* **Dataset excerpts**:
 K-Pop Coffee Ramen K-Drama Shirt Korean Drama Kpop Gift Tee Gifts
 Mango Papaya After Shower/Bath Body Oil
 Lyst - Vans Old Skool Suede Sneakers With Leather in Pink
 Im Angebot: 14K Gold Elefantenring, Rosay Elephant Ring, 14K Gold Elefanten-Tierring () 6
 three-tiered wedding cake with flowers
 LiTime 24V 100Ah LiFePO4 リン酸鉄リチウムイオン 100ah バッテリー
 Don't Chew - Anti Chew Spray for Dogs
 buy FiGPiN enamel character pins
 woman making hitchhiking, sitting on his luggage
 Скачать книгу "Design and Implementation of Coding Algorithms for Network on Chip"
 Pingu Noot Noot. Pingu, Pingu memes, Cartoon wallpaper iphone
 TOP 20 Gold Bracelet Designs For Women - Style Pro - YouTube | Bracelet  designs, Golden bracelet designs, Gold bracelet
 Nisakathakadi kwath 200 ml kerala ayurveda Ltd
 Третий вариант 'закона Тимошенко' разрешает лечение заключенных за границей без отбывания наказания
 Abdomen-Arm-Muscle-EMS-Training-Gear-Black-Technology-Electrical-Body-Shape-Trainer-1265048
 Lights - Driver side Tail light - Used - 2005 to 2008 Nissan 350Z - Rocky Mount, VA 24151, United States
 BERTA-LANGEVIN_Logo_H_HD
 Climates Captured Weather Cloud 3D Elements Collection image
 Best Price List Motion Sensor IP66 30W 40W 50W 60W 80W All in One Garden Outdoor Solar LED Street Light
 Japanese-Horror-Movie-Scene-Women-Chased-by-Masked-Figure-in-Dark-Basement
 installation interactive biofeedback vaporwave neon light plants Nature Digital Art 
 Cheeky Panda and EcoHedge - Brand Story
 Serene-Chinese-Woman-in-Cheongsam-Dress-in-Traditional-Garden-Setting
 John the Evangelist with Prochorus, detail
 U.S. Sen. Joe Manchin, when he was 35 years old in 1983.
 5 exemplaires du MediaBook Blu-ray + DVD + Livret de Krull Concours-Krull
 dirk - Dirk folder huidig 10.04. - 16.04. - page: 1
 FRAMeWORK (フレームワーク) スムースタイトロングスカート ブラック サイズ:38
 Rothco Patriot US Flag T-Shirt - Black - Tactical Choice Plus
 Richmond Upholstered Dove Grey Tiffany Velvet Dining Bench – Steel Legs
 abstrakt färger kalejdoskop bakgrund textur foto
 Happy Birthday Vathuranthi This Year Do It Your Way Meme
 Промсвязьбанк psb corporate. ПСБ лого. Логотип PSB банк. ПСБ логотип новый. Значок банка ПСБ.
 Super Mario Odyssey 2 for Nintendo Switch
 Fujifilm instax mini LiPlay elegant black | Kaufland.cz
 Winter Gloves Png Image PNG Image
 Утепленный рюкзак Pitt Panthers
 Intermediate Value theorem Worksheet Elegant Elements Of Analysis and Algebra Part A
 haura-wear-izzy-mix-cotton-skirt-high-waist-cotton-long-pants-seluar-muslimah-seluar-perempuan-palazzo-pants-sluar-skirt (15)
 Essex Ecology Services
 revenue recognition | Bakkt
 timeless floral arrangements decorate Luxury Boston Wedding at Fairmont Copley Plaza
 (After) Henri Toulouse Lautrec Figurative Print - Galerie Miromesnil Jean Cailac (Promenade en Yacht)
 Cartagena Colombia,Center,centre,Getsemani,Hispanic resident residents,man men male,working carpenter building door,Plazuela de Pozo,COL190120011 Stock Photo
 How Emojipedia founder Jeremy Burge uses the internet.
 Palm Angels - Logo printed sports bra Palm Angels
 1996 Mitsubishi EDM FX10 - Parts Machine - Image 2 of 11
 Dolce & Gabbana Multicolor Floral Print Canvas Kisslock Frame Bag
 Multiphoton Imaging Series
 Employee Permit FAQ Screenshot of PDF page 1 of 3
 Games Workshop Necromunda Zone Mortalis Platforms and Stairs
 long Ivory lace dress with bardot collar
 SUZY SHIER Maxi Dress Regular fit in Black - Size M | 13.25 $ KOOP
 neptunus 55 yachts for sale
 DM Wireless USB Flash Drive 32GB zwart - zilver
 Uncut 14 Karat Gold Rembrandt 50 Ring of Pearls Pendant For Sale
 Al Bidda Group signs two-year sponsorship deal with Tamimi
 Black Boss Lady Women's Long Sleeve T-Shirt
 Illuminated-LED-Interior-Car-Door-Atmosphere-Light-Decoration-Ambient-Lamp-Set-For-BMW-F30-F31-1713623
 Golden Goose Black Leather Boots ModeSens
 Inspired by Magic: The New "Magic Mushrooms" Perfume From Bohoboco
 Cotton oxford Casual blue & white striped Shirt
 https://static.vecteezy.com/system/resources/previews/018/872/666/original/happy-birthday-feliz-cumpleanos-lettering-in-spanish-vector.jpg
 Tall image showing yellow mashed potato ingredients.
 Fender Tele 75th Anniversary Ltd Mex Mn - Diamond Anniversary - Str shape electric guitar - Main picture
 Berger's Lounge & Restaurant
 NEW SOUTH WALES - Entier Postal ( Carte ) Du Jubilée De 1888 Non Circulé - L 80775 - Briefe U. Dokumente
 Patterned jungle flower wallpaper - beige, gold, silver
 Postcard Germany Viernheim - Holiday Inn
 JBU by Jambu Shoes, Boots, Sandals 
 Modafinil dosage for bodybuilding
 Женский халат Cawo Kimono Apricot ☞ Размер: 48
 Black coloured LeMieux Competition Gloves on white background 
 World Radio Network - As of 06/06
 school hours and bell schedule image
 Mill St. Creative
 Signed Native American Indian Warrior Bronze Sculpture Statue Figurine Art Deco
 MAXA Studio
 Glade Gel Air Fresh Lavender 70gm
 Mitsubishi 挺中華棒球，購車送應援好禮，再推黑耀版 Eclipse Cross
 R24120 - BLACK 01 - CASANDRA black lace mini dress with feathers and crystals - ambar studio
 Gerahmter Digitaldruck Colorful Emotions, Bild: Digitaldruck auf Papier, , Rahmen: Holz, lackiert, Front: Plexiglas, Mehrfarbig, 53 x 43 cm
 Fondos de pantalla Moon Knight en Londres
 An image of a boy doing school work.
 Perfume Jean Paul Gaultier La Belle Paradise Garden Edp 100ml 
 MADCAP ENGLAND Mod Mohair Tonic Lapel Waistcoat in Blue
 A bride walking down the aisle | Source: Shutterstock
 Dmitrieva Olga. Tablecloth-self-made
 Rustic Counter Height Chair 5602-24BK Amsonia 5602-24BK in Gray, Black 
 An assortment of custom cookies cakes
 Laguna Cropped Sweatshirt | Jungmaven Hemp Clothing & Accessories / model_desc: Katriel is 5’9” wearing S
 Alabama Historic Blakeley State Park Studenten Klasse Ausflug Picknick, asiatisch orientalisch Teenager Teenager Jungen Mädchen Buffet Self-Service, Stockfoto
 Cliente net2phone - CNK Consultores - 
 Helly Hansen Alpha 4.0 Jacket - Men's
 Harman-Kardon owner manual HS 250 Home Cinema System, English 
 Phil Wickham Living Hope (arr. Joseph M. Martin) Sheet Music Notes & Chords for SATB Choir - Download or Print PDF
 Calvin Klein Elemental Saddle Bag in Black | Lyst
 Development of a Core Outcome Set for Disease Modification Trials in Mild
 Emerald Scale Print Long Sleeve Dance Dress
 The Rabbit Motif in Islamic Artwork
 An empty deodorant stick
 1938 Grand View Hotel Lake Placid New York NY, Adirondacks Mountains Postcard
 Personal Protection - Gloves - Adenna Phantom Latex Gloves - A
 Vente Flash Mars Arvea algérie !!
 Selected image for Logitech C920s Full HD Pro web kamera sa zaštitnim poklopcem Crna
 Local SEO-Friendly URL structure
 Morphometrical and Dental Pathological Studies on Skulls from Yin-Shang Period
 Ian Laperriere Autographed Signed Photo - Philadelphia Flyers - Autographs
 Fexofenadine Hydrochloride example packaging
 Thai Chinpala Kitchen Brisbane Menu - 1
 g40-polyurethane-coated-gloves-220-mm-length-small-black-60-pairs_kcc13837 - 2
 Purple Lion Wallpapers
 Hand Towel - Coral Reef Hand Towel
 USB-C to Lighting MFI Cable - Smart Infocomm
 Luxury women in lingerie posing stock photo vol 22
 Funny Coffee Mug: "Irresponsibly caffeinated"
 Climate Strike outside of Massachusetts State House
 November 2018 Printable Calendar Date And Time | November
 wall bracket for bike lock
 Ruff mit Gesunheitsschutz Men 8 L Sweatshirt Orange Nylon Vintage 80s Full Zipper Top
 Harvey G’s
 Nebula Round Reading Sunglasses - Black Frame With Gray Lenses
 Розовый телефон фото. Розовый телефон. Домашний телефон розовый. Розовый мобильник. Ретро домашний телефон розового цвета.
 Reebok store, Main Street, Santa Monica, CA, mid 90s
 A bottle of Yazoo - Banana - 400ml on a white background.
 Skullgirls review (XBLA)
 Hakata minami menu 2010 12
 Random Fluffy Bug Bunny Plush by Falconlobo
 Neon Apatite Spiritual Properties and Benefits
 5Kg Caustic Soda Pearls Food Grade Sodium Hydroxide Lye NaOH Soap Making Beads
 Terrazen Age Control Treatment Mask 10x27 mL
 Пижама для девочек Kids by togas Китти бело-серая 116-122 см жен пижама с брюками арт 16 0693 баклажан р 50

* **Task description**: Set down the line that contains "wall bracket for bike lock" exactly. Do the same for each later line of the data, through the end, and add nothing.

* **Your solution**:
 wall bracket for bike lock
 Ruff mit Gesunheitsschutz Men 8 L Sweatshirt Orange Nylon Vintage 80s Full Zipper Top
 Harvey G’s
 Nebula Round Reading Sunglasses - Black Frame With Gray Lenses
 Розовый телефон фото. Розовый телефон. Домашний телефон розовый. Розовый мобильник. Ретро домашний телефон розового цвета.
 Reebok store, Main Street, Santa Monica, CA, mid 90s
 A bottle of Yazoo - Banana - 400ml on a white background.
 Skullgirls review (XBLA)
 Hakata minami menu 2010 12
 Random Fluffy Bug Bunny Plush by Falconlobo
 Neon Apatite Spiritual Properties and Benefits
 5Kg Caustic Soda Pearls Food Grade Sodium Hydroxide Lye NaOH Soap Making Beads
 Terrazen Age Control Treatment Mask 10x27 mL
 Пижама для девочек Kids by togas Китти бело-серая 116-122 см жен пижама с брюками арт 16 0693 баклажан р 50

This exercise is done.